Ontario police force looking to Global Positioning System darts as alternative to unsafe pursuits

In 2016, 10 of the 28 motorcycle drivers that perished on OPP-patrolled roads were reportedly not at fault in the collisions that claimed their lives. By comparison, during the previous year (2015), 14 out of the 27 motorcyclists who were fatally involved in a collision were not at fault. OPP data found that the majority of ORV drivers who perished in accidents were either linked to alcohol/drug impairment or were noted to be riding without a helmet.

Alcohol/drug impairment was a factor in more than half (13) of the 22 ORV deaths that occurred in OPP jurisdictions a year ago.

Nine out of the 22 ORV riders who perished in accidents past year were without a helmet, the OPP noted. The figure was far worse in 2015, where six out of the 14 total fatal accident incidents involved the ORV rider failing to wear safety headgear. Helmets were even scarcer in 2015 incidents, with nearly half of (six) of the 14 deceased riders found without one.

Day to day policing does not come without inherent risks and in an attempt to curb suspect apprehension pursuits (SAP), the OPP is also launching this long weekend, the Satellite Technology Apprehension Response or STAR pilot project.

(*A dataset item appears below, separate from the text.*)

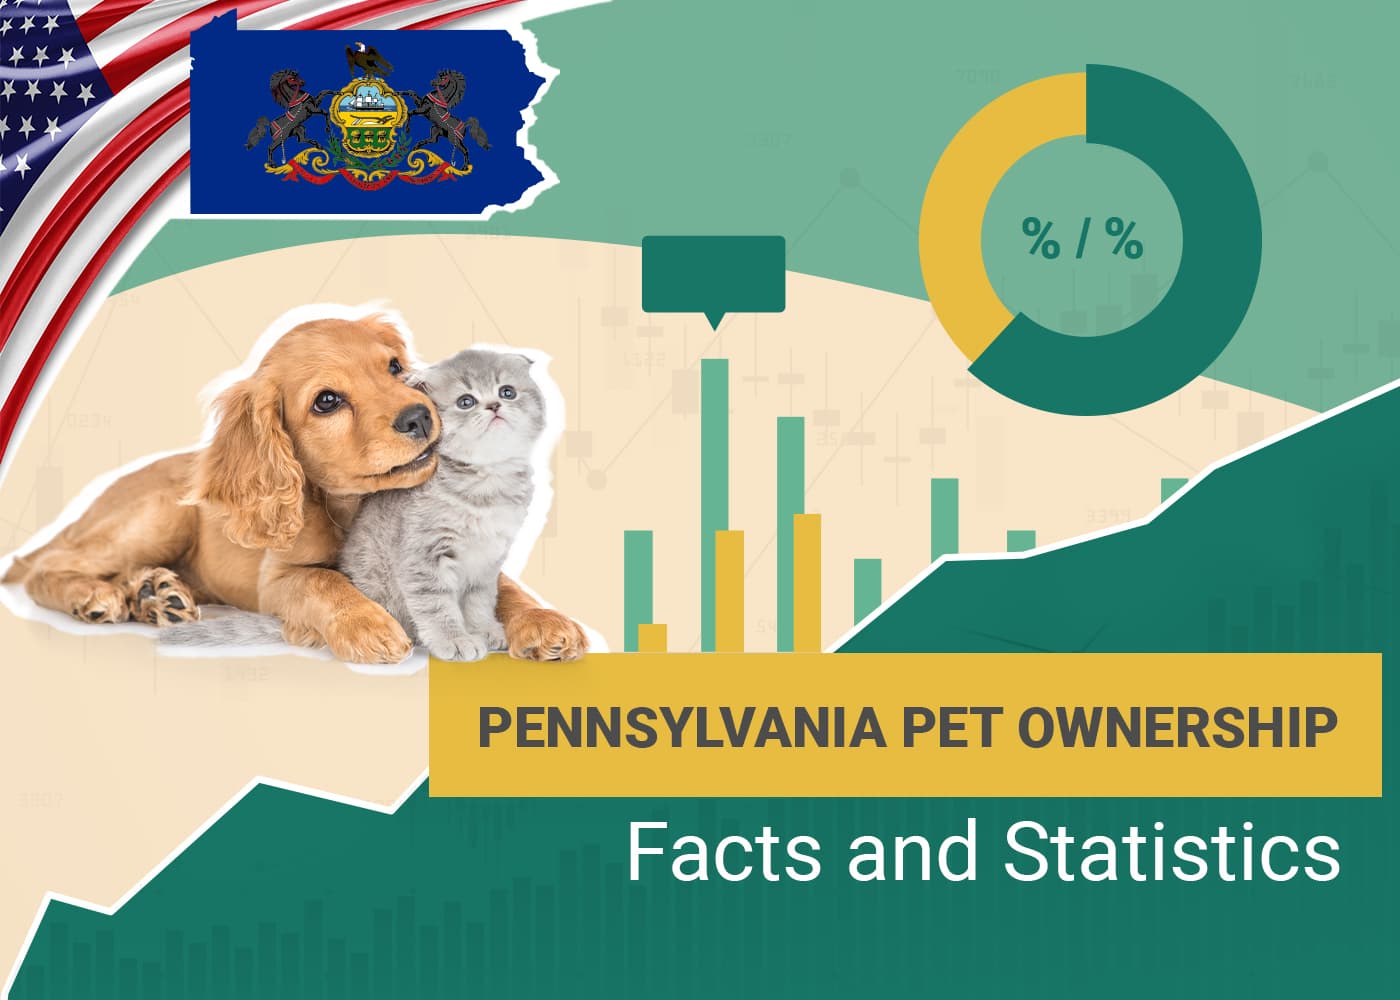 Pennysylvania Pet Ownership Facts and Statistics

When a motorist fails to stop or accelerates away after being stopped, Schmidt says a projectile can be fired at the vehicle where it sticks - by adhesive and a magnet - and emits a Global Positioning System signal that can be tracked by one of the force's communications centres. Motorcyclists must always drive safely, defensively and assume that other drivers can not see them - an all-too-familiar claim in motorcycles crashes.

"This long weekend, remember that risky driving poses a serious risk to motorcyclists and off-road vehicles". We all have a shared responsibility to follow the rules of the road and to operate any motor vehicle safely.